A empresa admitiu ainda o desafio de garantir a origem do couro, mas afirmou possuir um sistema de rastreabilidade das peles após a saída do frigorífico e processamento nos curtumes que garante “100% dos couros processados nas suas unidades do Brasil”.
A Vancouros se limitou a afirmar que tem uma “politica de compra de matéria-prima, assim como certificações ligadas a esse tema”.
A Viposa enviou uma resposta semelhante, afirmando ter “uma política para compra de matéria-prima (couro), além de certificações e ações relacionadas aos temas de rastreabilidade, sustentabilidade e meio ambiente”.
O QUE DIZEM AS MONTADORAS
A Volkswagen criticou o relatório alegando imprecisões. “Para as marcas do Grupo Volkswagen, podemos afirmar que o couro brasileiro costuma ser curtido ao cromo. No entanto, na Europa, o grupo Volkswagen usa apenas couro curtido sem cromo”, informou.
A montadora diz ter “compromisso por escrito” de todos os fornecedores de que nenhum material tem relação com desmatamento ilegal na Amazônia.
A BMW afirmou ter a mesma garantia de seus fornecedores. Segundo a marca, o couro do Brasil representa atualmente cerca de 5% do seu estoque total usado. “Isso representará 1% no final do próximo ano, o que irá diminuir para 0% no médio prazo, conforme reestruturarmos nossas cadeias de suprimentos de couro e não dependermos mais do couro da América do Sul”, diz a nota enviada à DW Brasil.
A Daimler, fabricante da Mercedes-Benz, alega exigir nos contratos com fornecedores que os produtos entregues sejam livres de desmatamento ilegal. “Especificamente, o fornecedor deve confirmar que as peles processadas para os produtos entregues à Mercedes-Benz são provenientes de bovinos criados fora das áreas da Amazônia, Cerrado, Pantanal, Gran Chaco, Mata Atlântica e Chocó-Darién”, complementou.
A PSA preferiu não se pronunciar até ter acesso à totalidade do relatório da Rainforest Foundation Norway. A Renault não se manifestou.

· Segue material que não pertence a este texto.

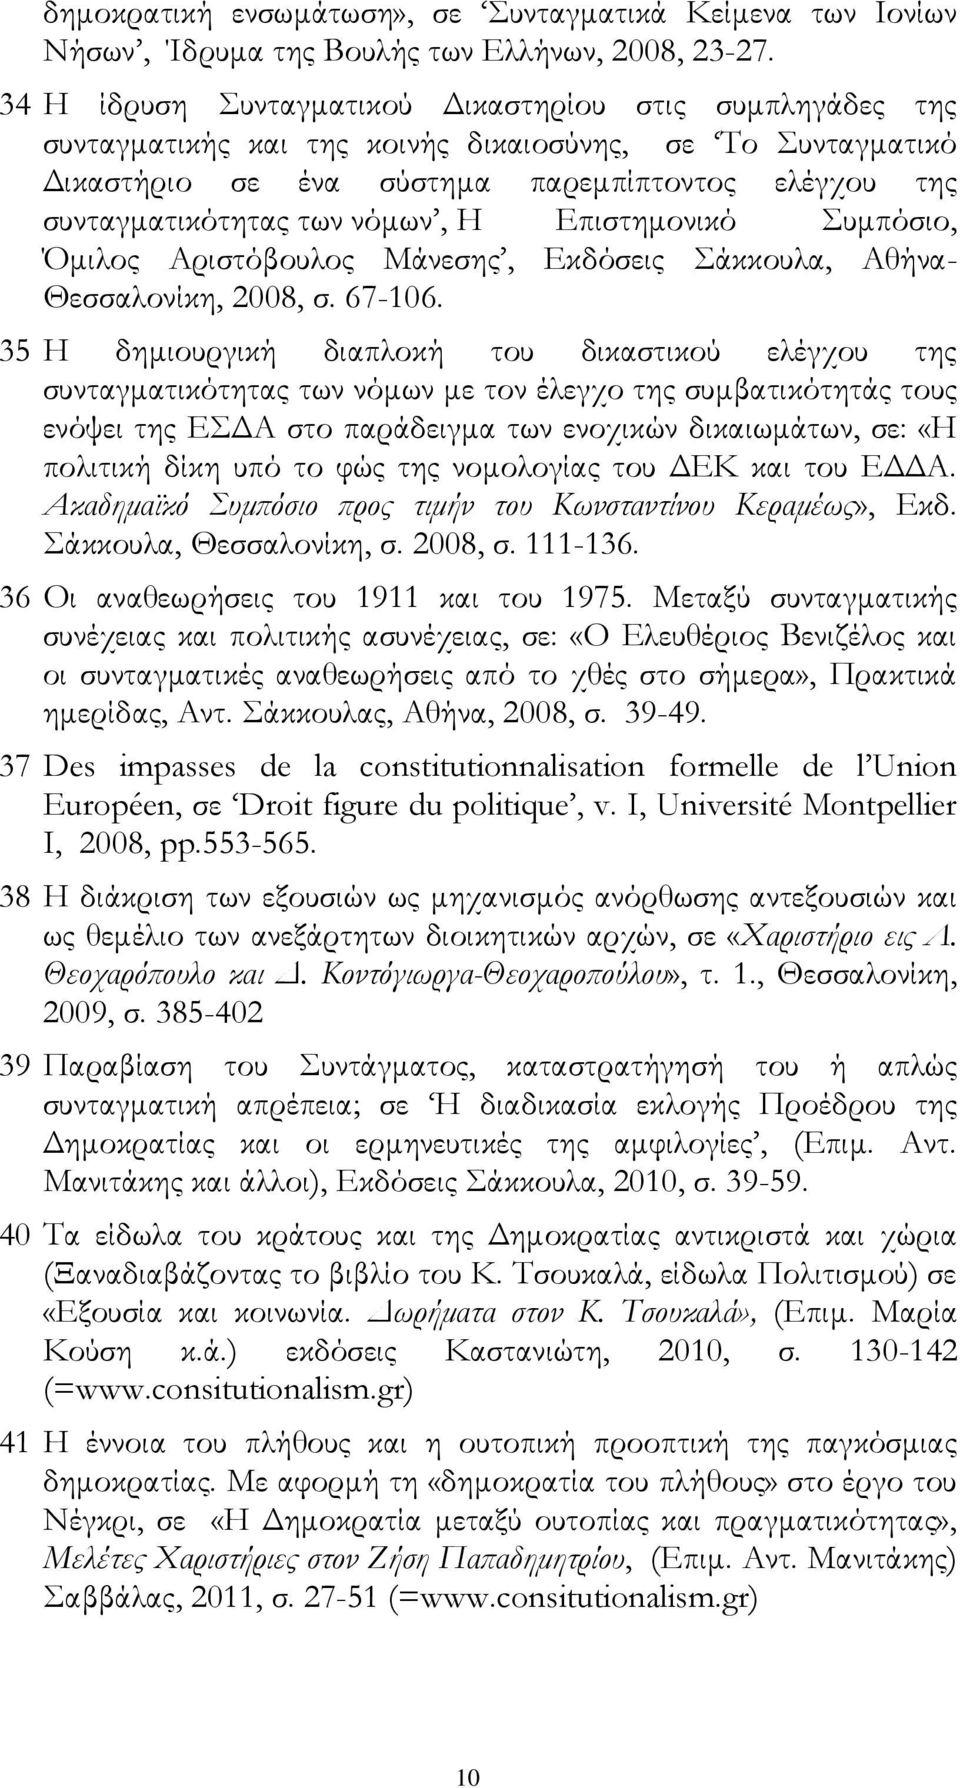 νόμων, H Επιστημονικό Συμπόσιο, Όμιλος Αριστόβουλος Μάνεσης, Εκδόσεις Σάκκουλα, Αθήνα- Θεσσαλονίκη, 2008, σ. 67-106.

CERTIFICAÇÃO E PRESSÃO INTERNACIONAL
Citado por algumas exportadoras, o LWG (Leather Working Group), organização de certificação de couro mais aceita internacionalmente, teria algumas limitações para garantir a origem do material, segundo a Rainforest Foundation Norway.
“O fornecedor entrega uma declaração ao LWG dizendo que não tem ligação com desmatamento. Não há uma verificação rigorosa”, diz Faggin.
É por isso que, para os autores do estudo, a indústria automobilística se torna cúmplice se continuar comprando de quem adquire a matéria-prima vinda do desmatamento na Amazônia, como aponta o relatório.
“Todas as 5 grandes montadoras de automóveis da Europa [Volkswagen, BMW, Daimler, grupo PSA e Renault] não têm um política forte de controle sobre isso”, conclui o estudo.
Para Paulo Barreto, do Imazon, é importante que o debate gere grande repercussão internacional.
“Monitorar a origem do couro é ainda mais complicado que a da carne. Tivemos mudanças por causa da pressão internacional, mas são muito pequenas diante do tamanho do problema. Existem muitas brechas, há várias responsáveis, como empresas e setor financeiro, que têm um braço internacional grande”, diz. “É preciso muito mais esforço.”